Information supplied
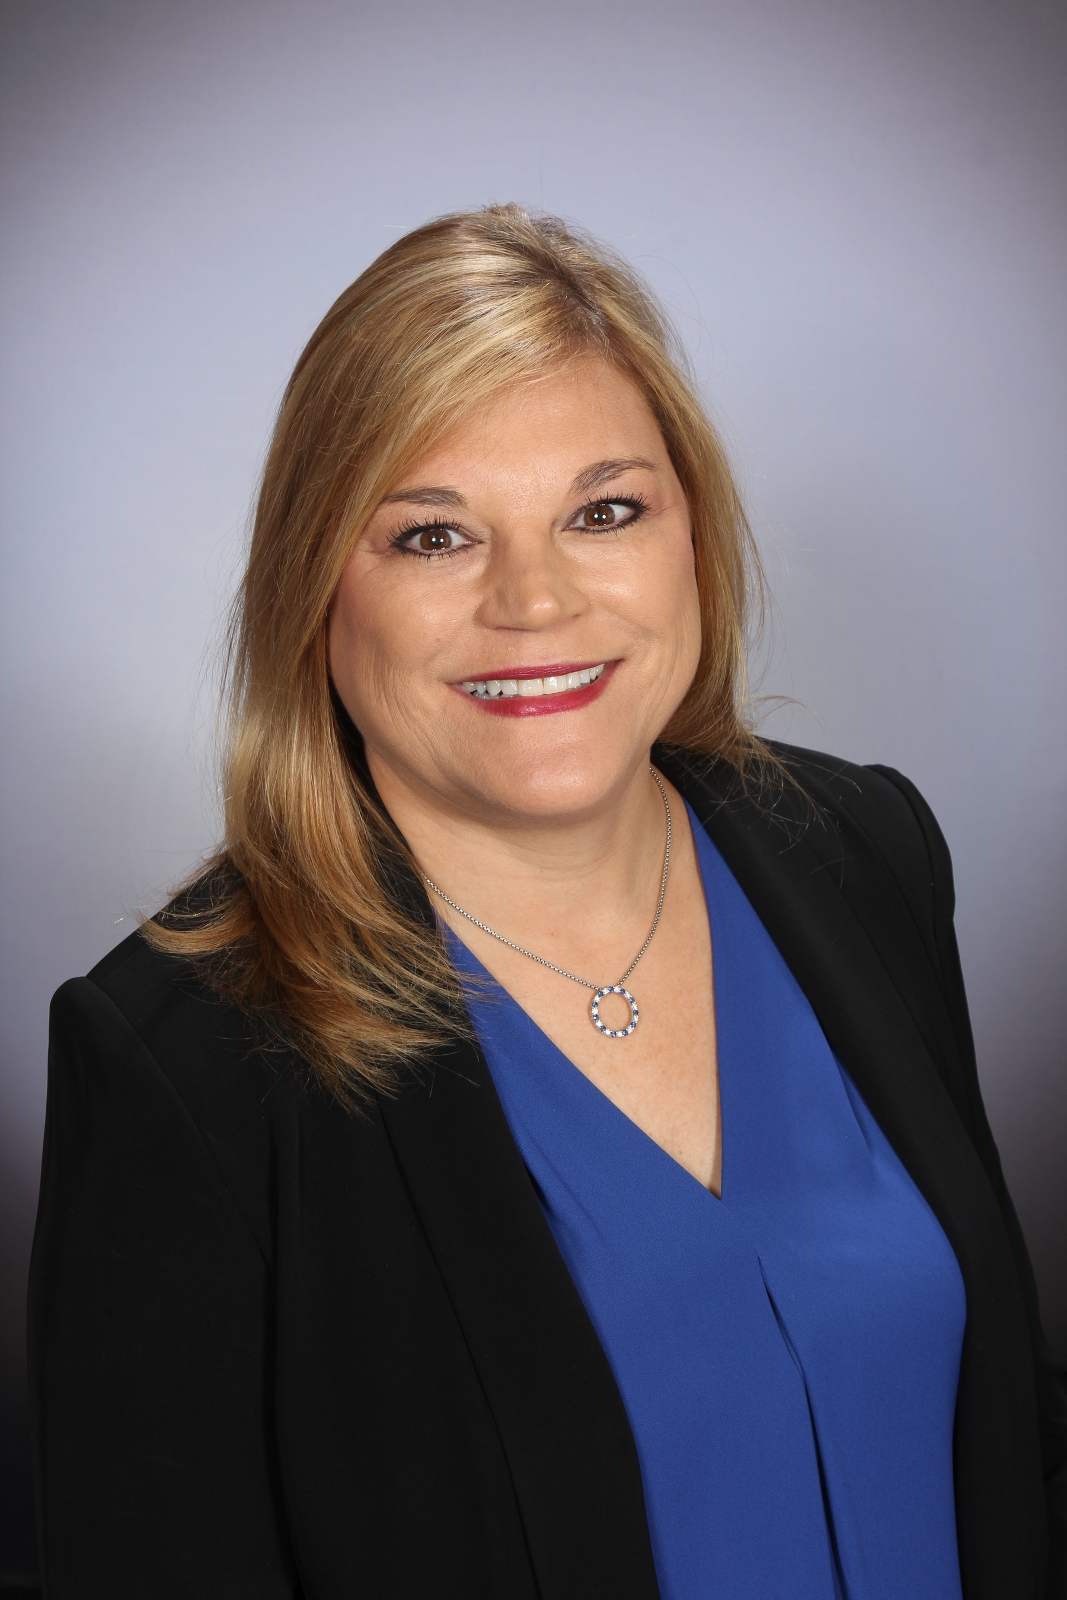 Marcia Walker, Director of Food Innovation, 915 Labs
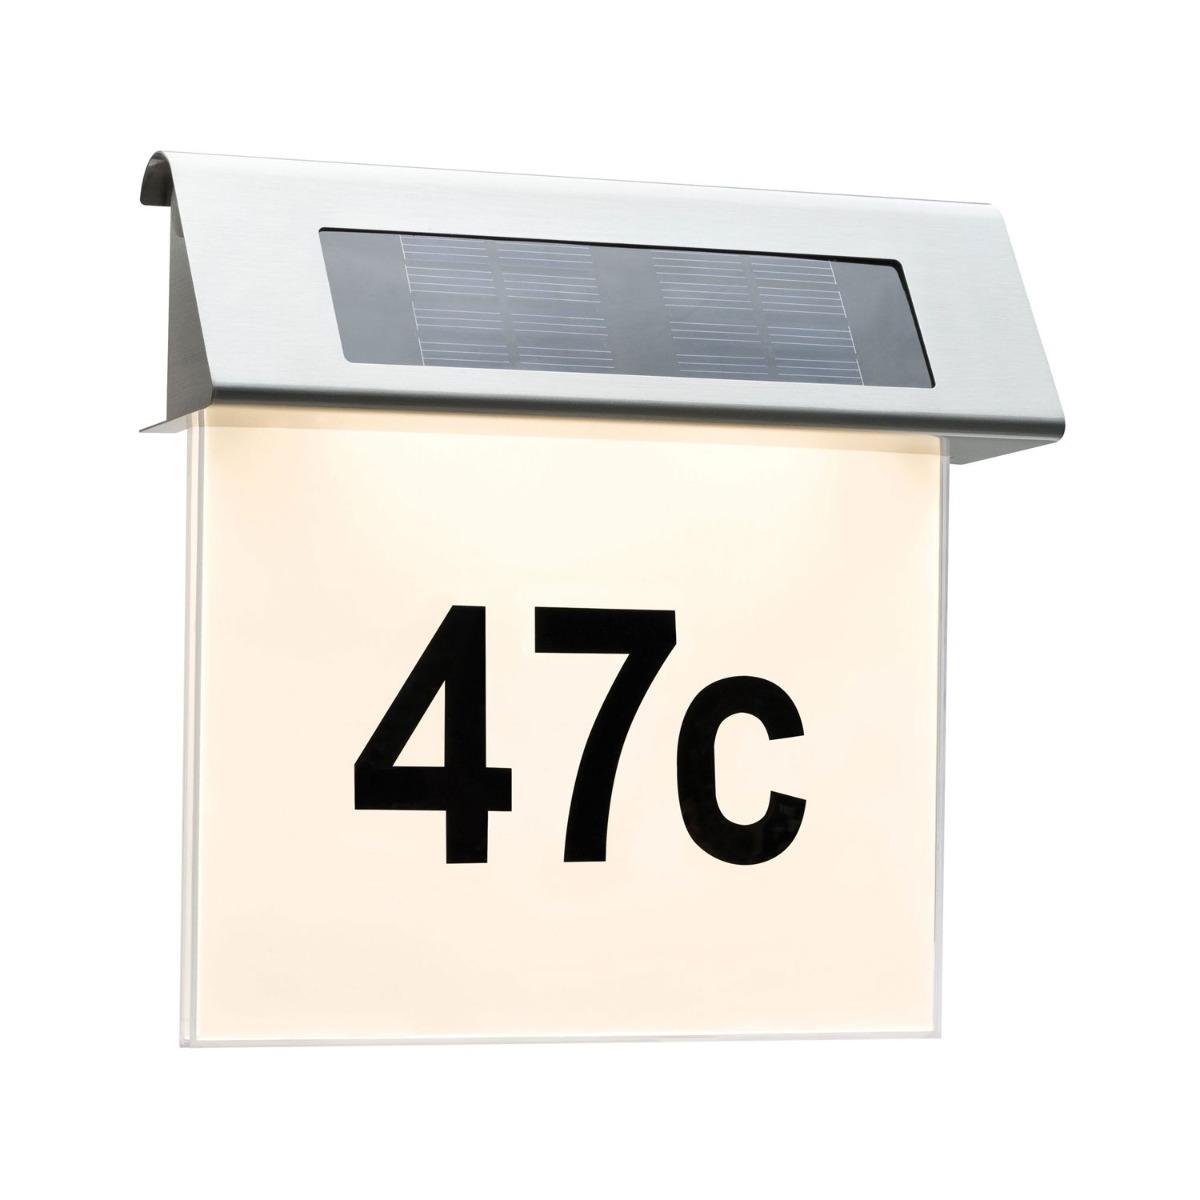 Paulmann Solar LED Huisnummer Muurlamp Wit Roestvrij Staal IP44 1x 0,2W
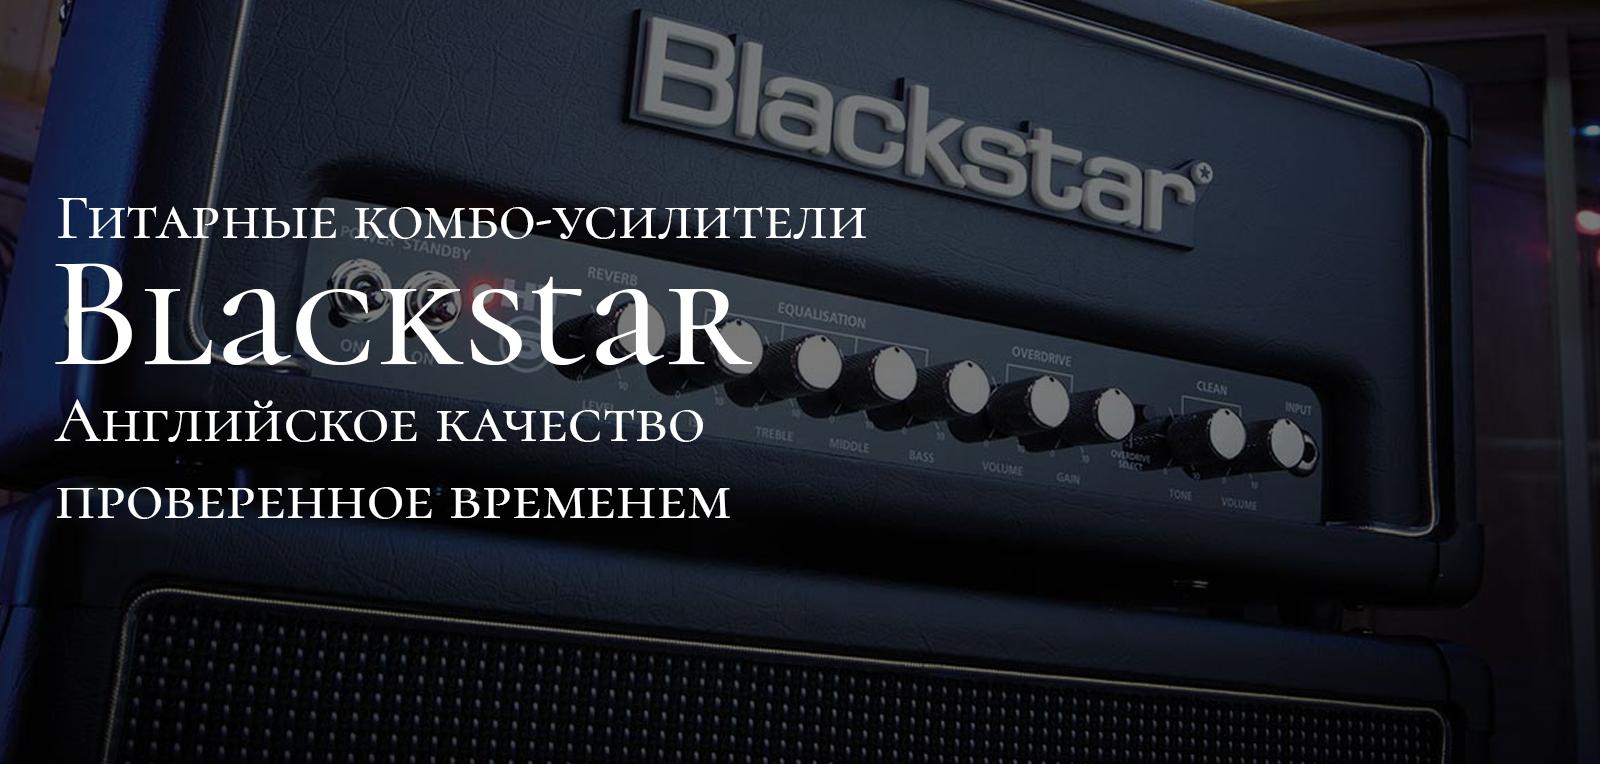 Blackstar комбо-усилители

Your objective
The task calls for duplicating the data exactly, with no images kept.

Exercise answer
 Marcia Walker, Director of Food Innovation, 915 Labs
 Paulmann Solar LED Huisnummer Muurlamp Wit Roestvrij Staal IP44 1x 0,2W
 Blackstar комбо-усилители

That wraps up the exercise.